The shoot tip culture of peppermint was performed with some modifications from the protocol described by [44]. Shoot apices were taken from 5 to 6 weeks grown healthy plant to maintain the same vegetative growth and avoid the reproductive stage of the plant. Shoot apices with about 1 cm from the adjacent stem were cleaved from the plant and sterilized with 70% ethanol for 60 s. Subsequently, these apices were treated with 0.5% sodium hypochlorite solution, containing 100 µl/l Tween 20, for 7 min. This was followed by 4 times repeated rinsing with autoclaved distilled water. Then the end of the stem which was blackened (dead) due to its exposure to sterilization and washing solutions, was trimmed away. The final apex (about 5-7 mm) with none and/or one developing leaf pair was used as an explant which was then cultured inside the Magenta box (Sigma-Aldrich, Germany), containing the MS basal media [45], supplemented with B5 vitamins. Fully labelled (U-13C6) or unlabelled (12C) glucose was added to the basal MS medium for qualitative or quantitative analysis, respectively. These cultures were cultivated in a growth chamber (CU-22L, Percival Scientific Inc, USA) at 25 ± 1 °C and a 16/8 h light/dark photoperiod. Irradiation with different light intensities (5, 10, 20 or 30 µmol m−2 s−1) was provided by Osram cool white fluorescence lamps (Lumilux T8 L18 W/840, Germany). Samples were collected on the 15th or 20th day after first leaf visibility (DALV). Plant leaf samples (~ 40–50 mg) were flash frozen in liquid nitrogen and stored at − 80 °C for further investigation. For label enrichment analysis, different pairs of leaves were collected separately; however, total leaves were stored collectively for other studies. Time for initiation of the culture (14.00–15.00 h CEST) and sample collection (10.00–11.00 h CEST) was fixed to get the constant influence of diurnal rhythm for every treatment, which is known to have a role for the non-mevalonate pathway [46, 47].

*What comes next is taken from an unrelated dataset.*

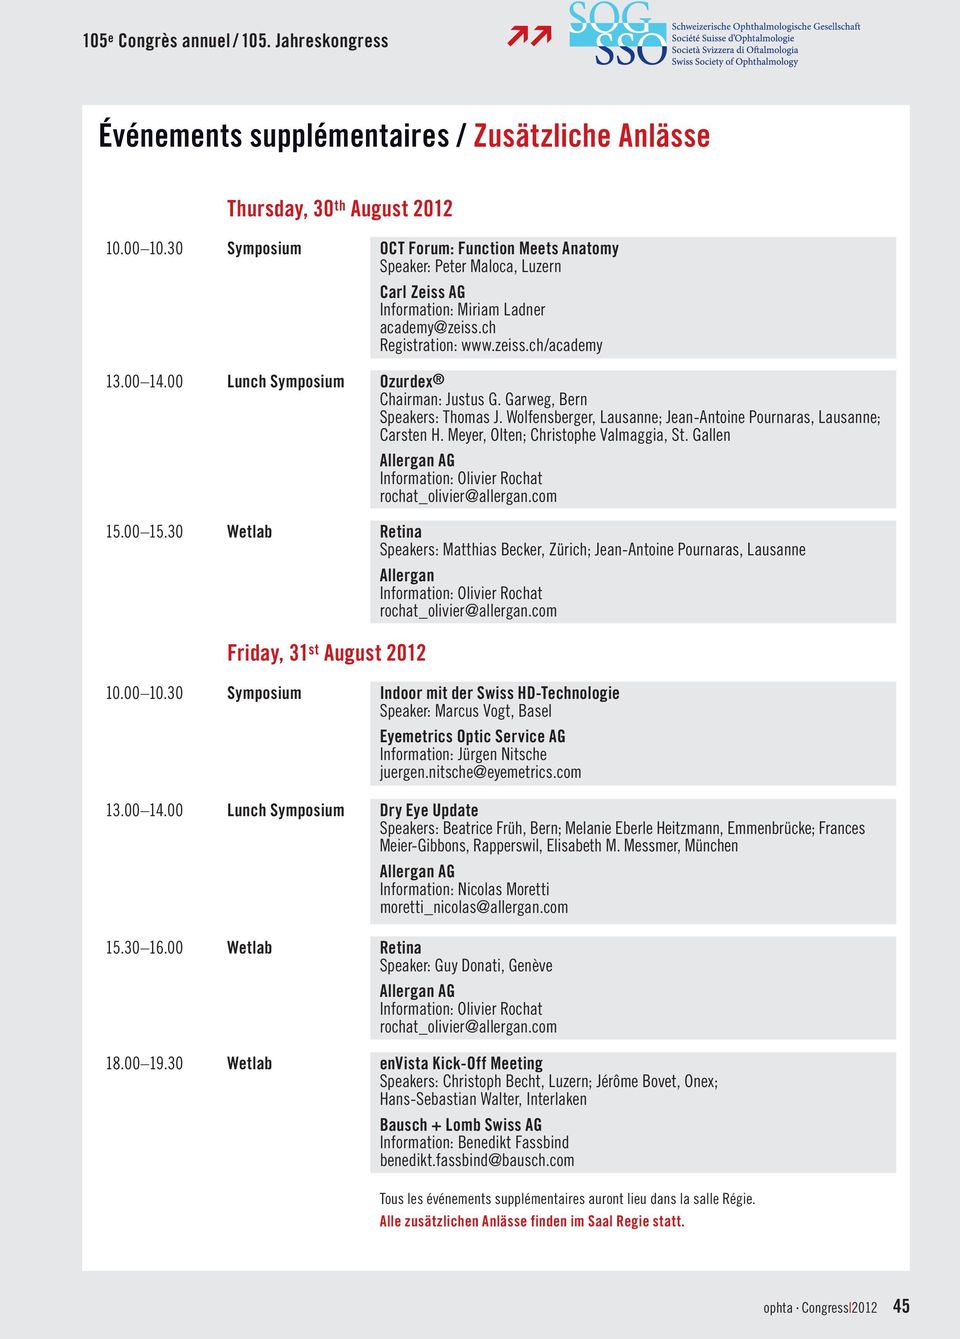 00 Lunch Symposium Ozurdex Chairman: Justus G. Garweg, Bern Speakers: Thomas J. Wolfensberger, Lausanne; Jean-Antoine Pournaras, Lausanne; Carsten H. Meyer, Olten; Christophe Valmaggia, St.
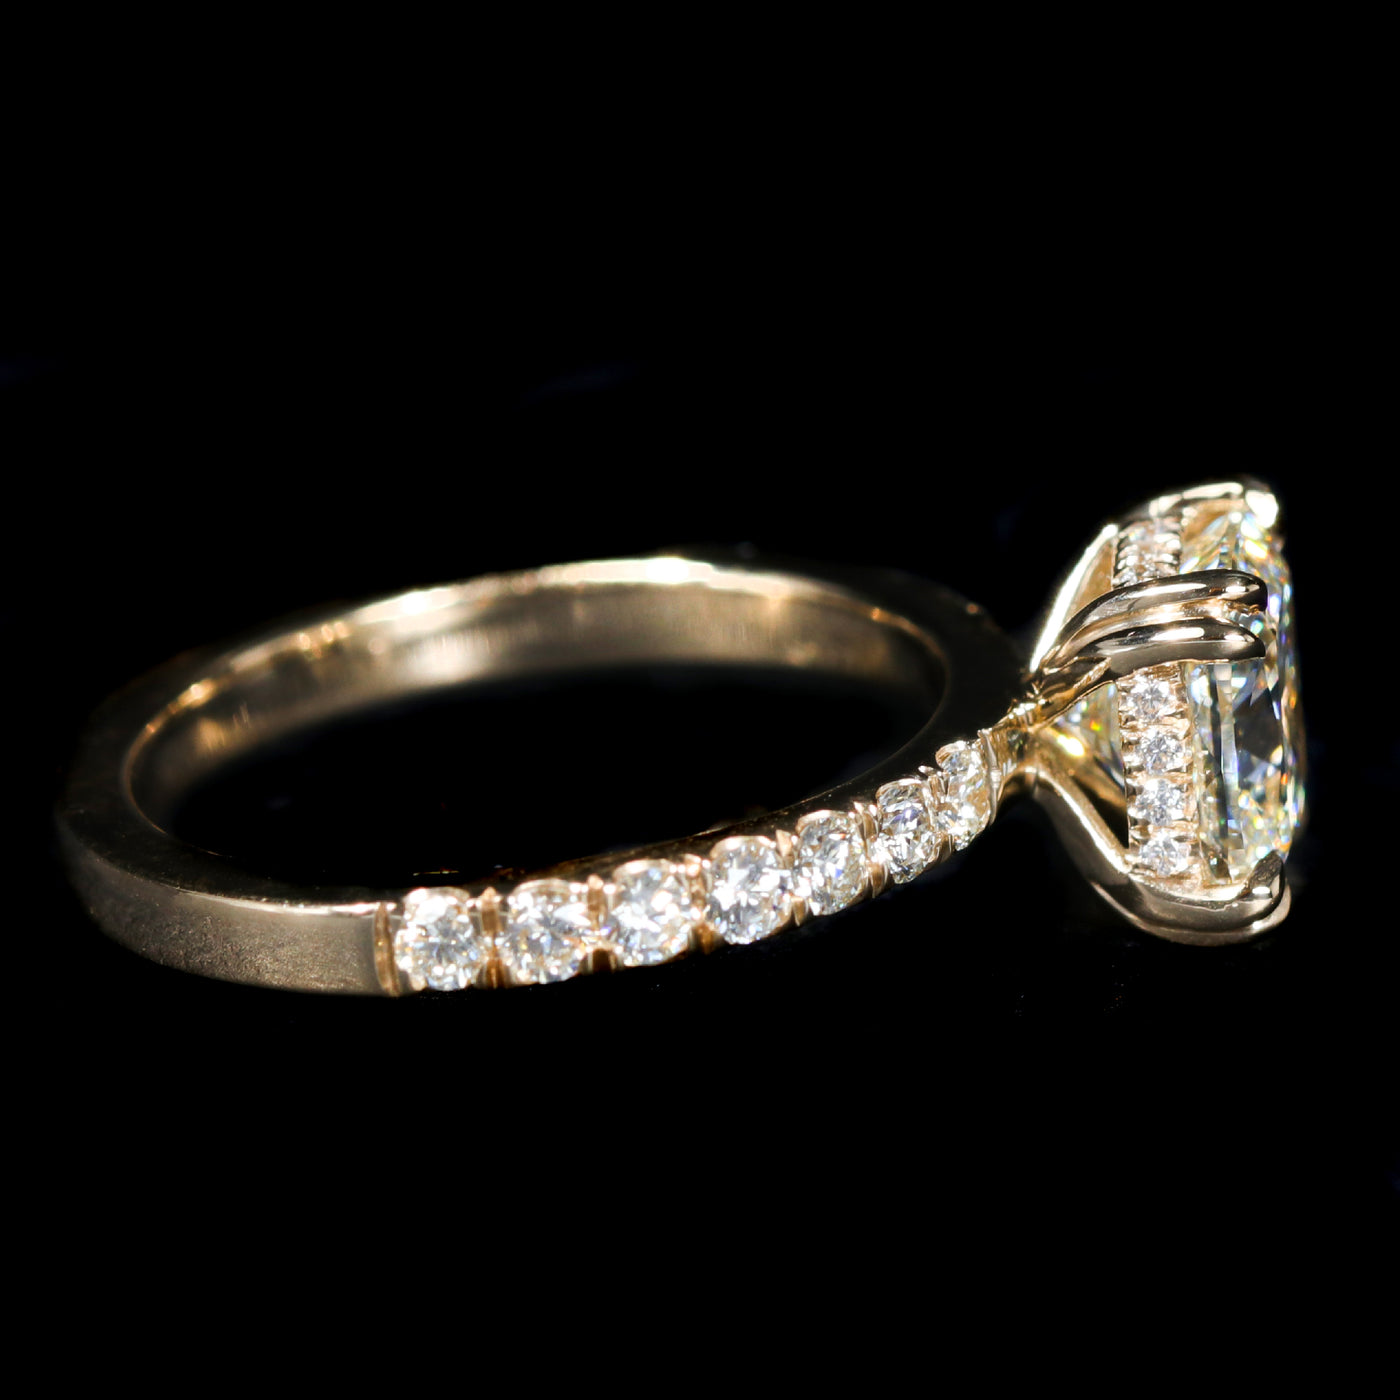 14K Yellow Gold GIA 2.01 Carat Cushion Cut Diamond Engagement Ring

The oregano shoot-tip culture was performed with the same strategy under 10 µmol m−2 s−1 light intensity, as this seemed to be the lowest possible light intensity for adequate growth of the explant.

Measurement of terpenoids

Before analysis, frozen leaf samples were grounded in liquid nitrogen with the help of micro pestles within microcentrifuge tubes. For qualitative analysis of terpenoids, the homogenized freeze-dried sample was collected into a 1.5 ml SPME (Solid Phase Micro Extraction) vial. A 100 µm polydimethylsiloxane SPME fiber (Supelco Analytical, Sigma-Aldrich, USA) was exposed to the headspace of the sample for 2 min at ambient temperature. For quantitative analysis of the terpenoids, fresh weight of the sample was determined prior to it being homogenized. Further 300 µl of hexane containing 10 ng/l of nonyl acetate (as an internal standard) was added to the vial. The mixture was shaken overnight at 25 °C. The following morning, the mixture was then allowed to stand at room temperature for 10 min before collecting the supernatant for further quantitative analysis.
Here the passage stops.